### Data segment
▬▬▬▬▬▬
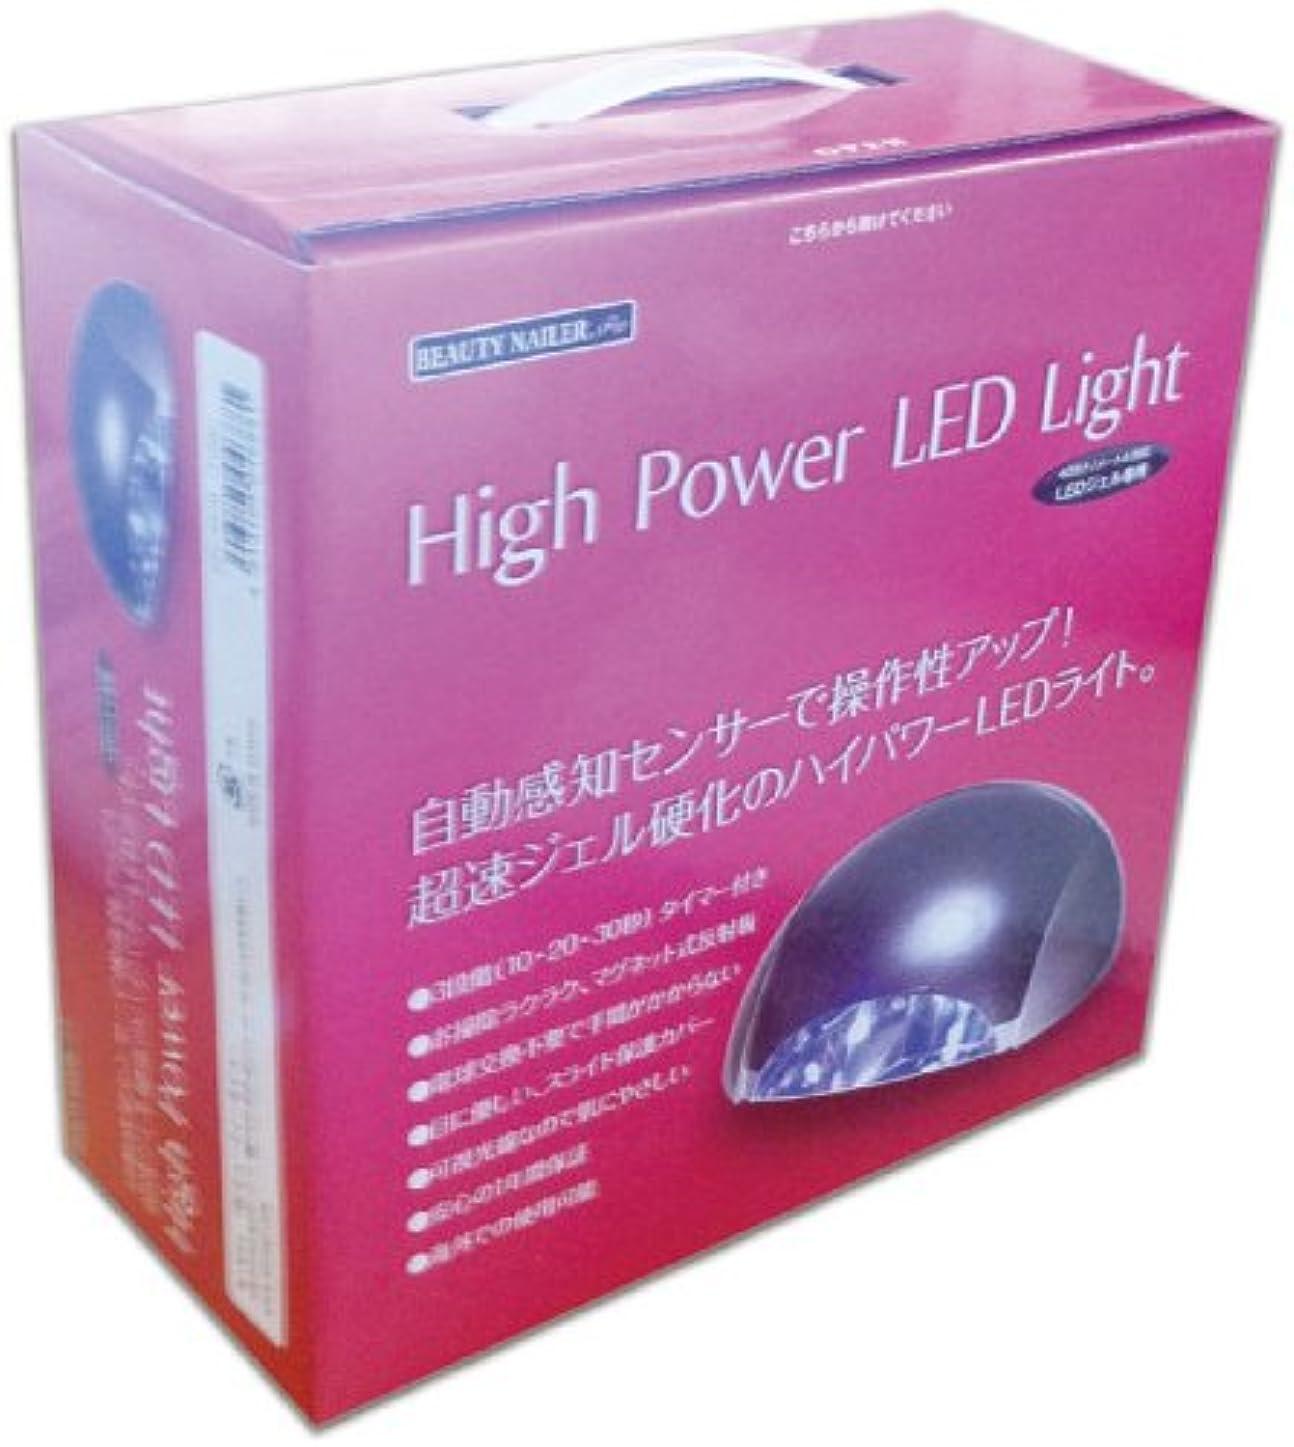 展示会慎重に想像力豊かなビューティーネイラー ハイパワーLEDライト HPL-40GB パールブラック
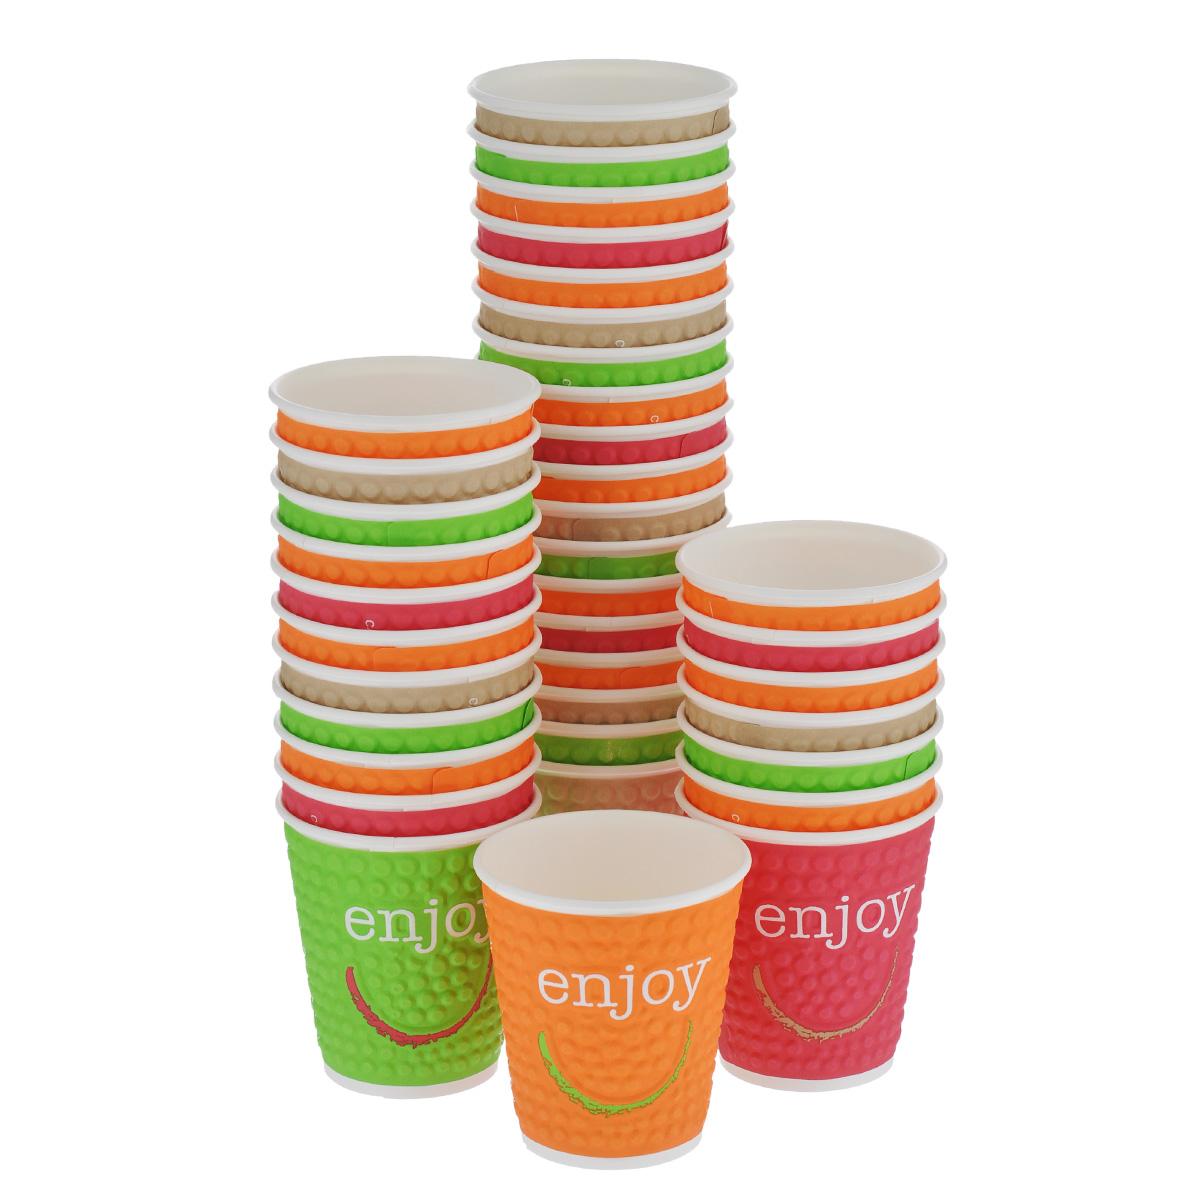 Набор одноразовых стаканов Enjoy, 200 мл, 37 шт414542Набор Enjoy состоит из 37 разноцветных рельефных стаканов, выполненных из высококачественного двухслойного картона и предназначенных для одноразового использования. Стаканы подойдут для холодных и горячих напитков. Применять при температуре не более +88°С в течении 15 минут. Одноразовые стаканы будут незаменимы при поездках на природу, пикниках и других мероприятиях. Они не займут много места, легки и самое главное - после использования их не надо мыть.
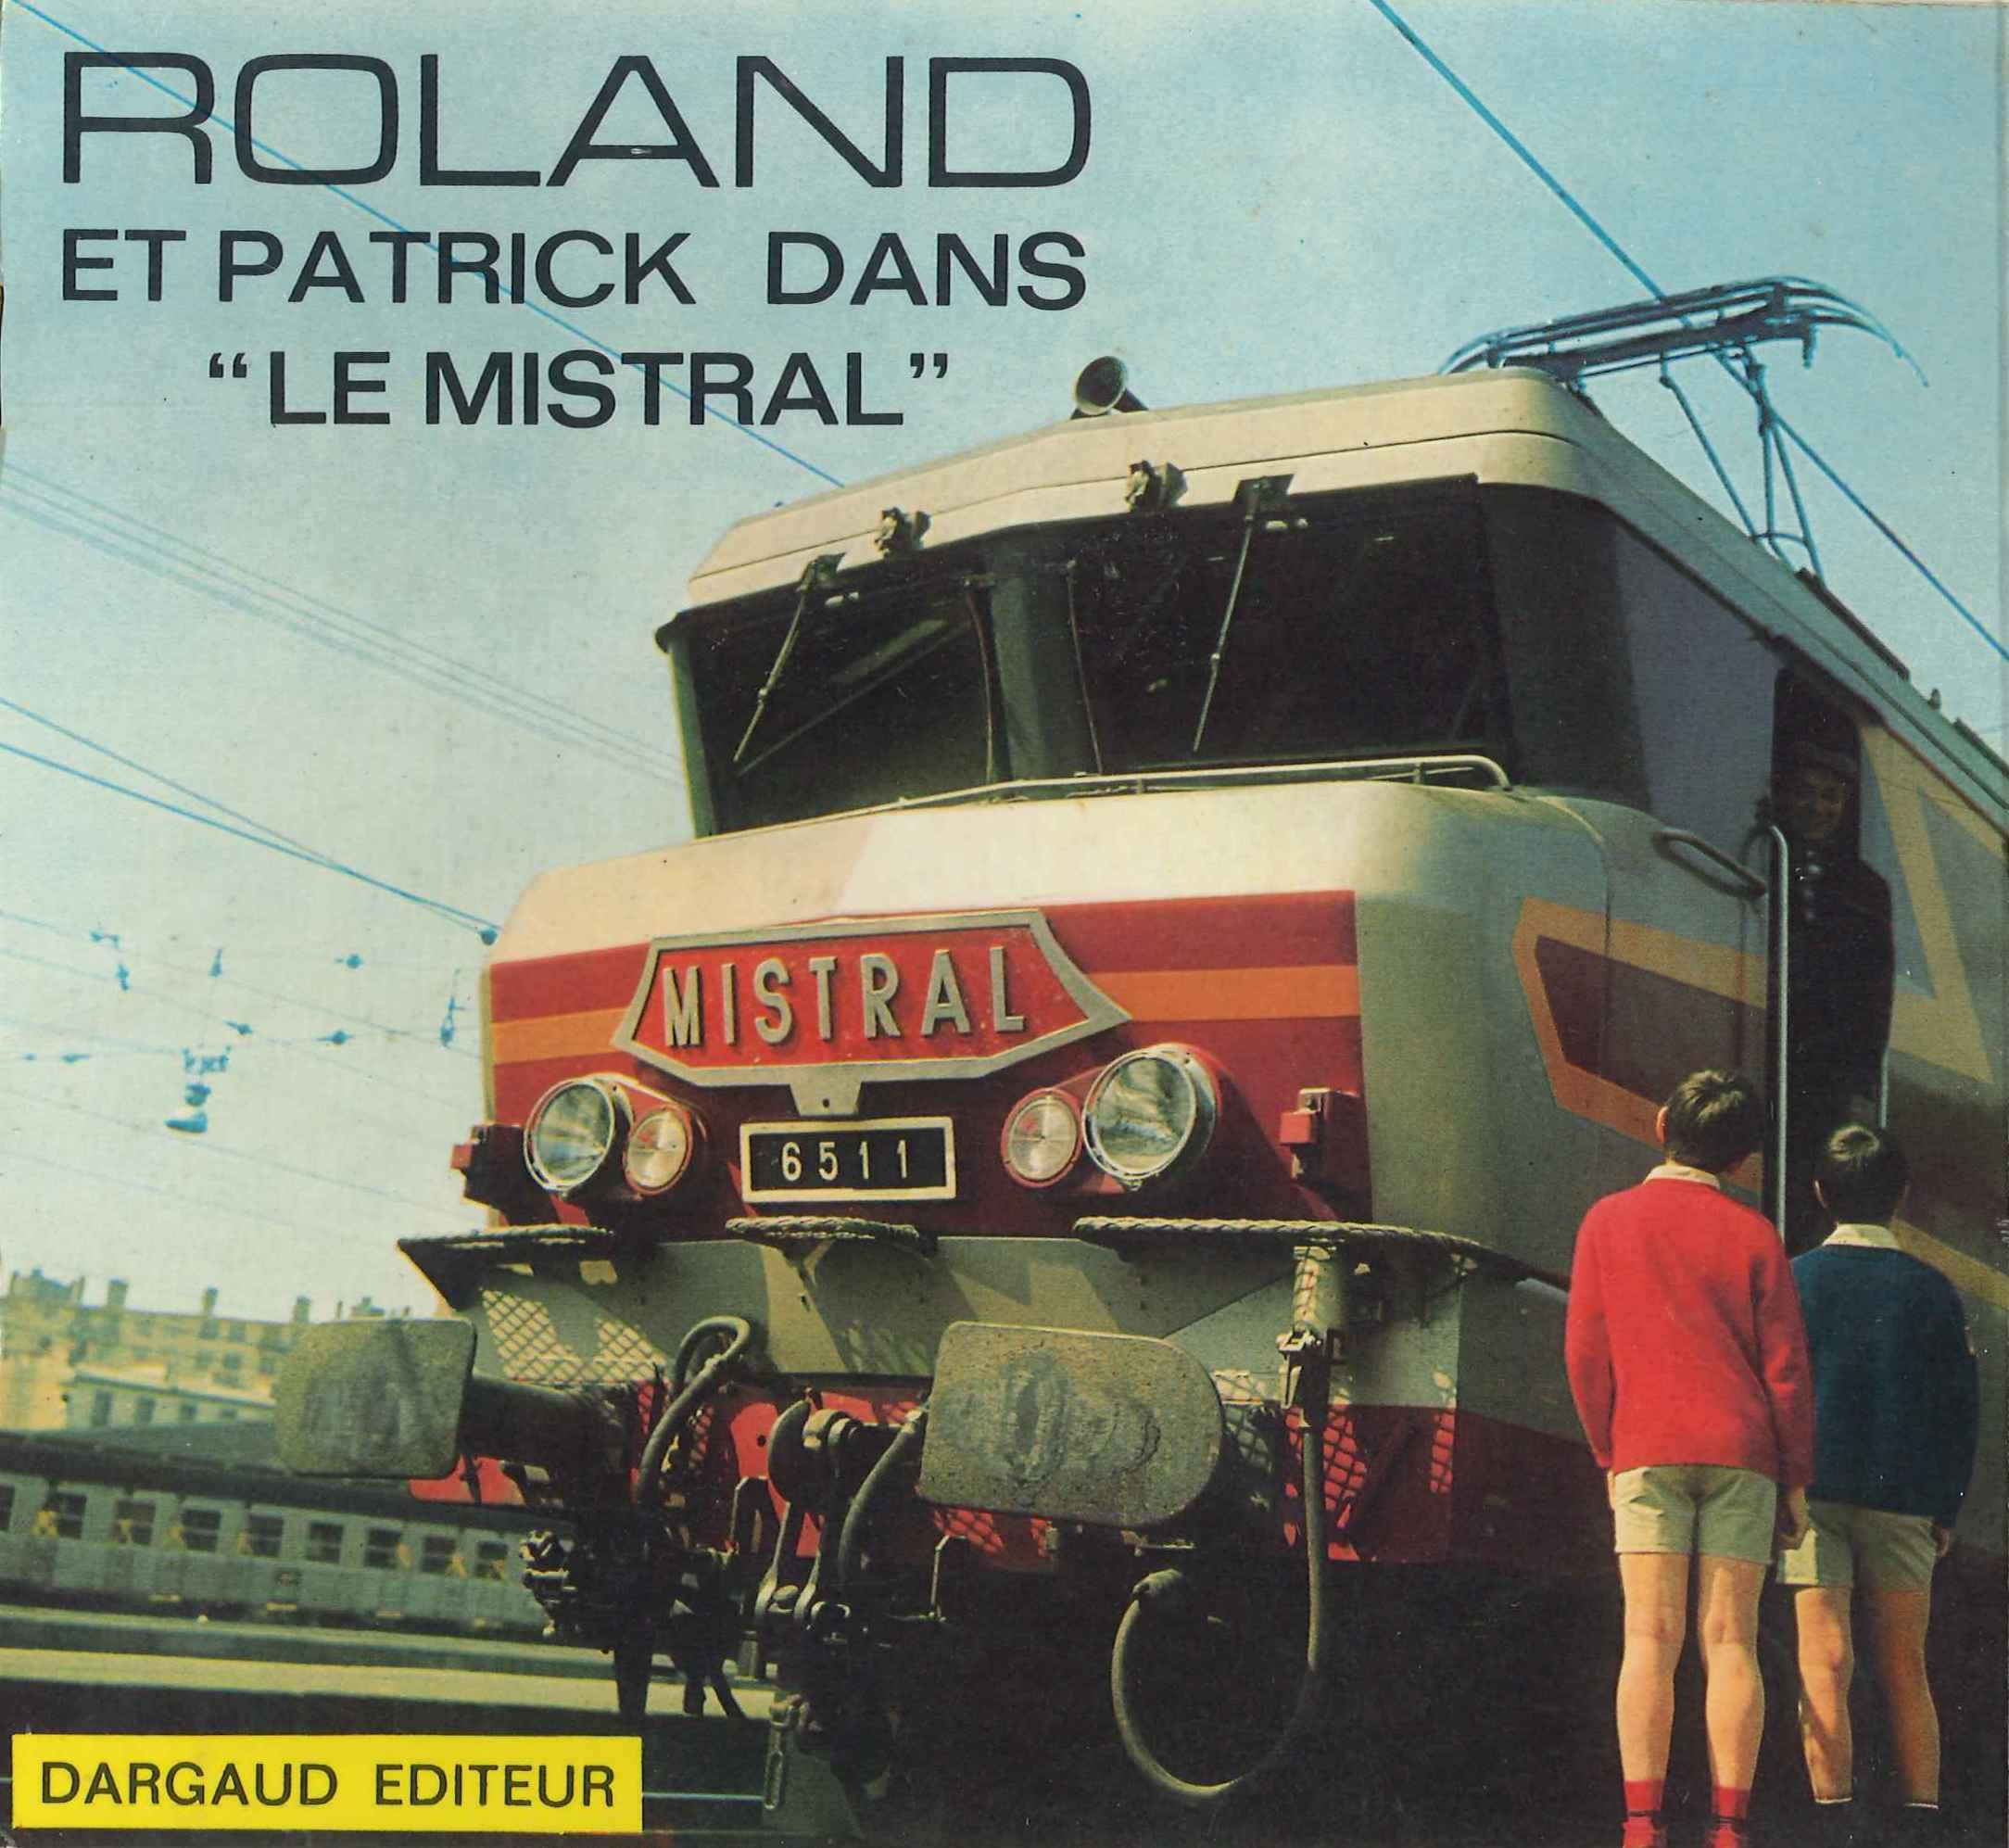 1971_gargaud_mistral_roland_000.jpg
▬▬▬▬▬▬
### Task objective
Please reproduce, exactly and only, the lines from the line containing "Набор одноразовых стаканов" through the last line of the material above, minus any pictures.

### The answer
 Набор одноразовых стаканов Enjoy, 200 мл, 37 шт414542Набор Enjoy состоит из 37 разноцветных рельефных стаканов, выполненных из высококачественного двухслойного картона и предназначенных для одноразового использования. Стаканы подойдут для холодных и горячих напитков. Применять при температуре не более +88°С в течении 15 минут. Одноразовые стаканы будут незаменимы при поездках на природу, пикниках и других мероприятиях. Они не займут много места, легки и самое главное - после использования их не надо мыть.
 1971_gargaud_mistral_roland_000.jpg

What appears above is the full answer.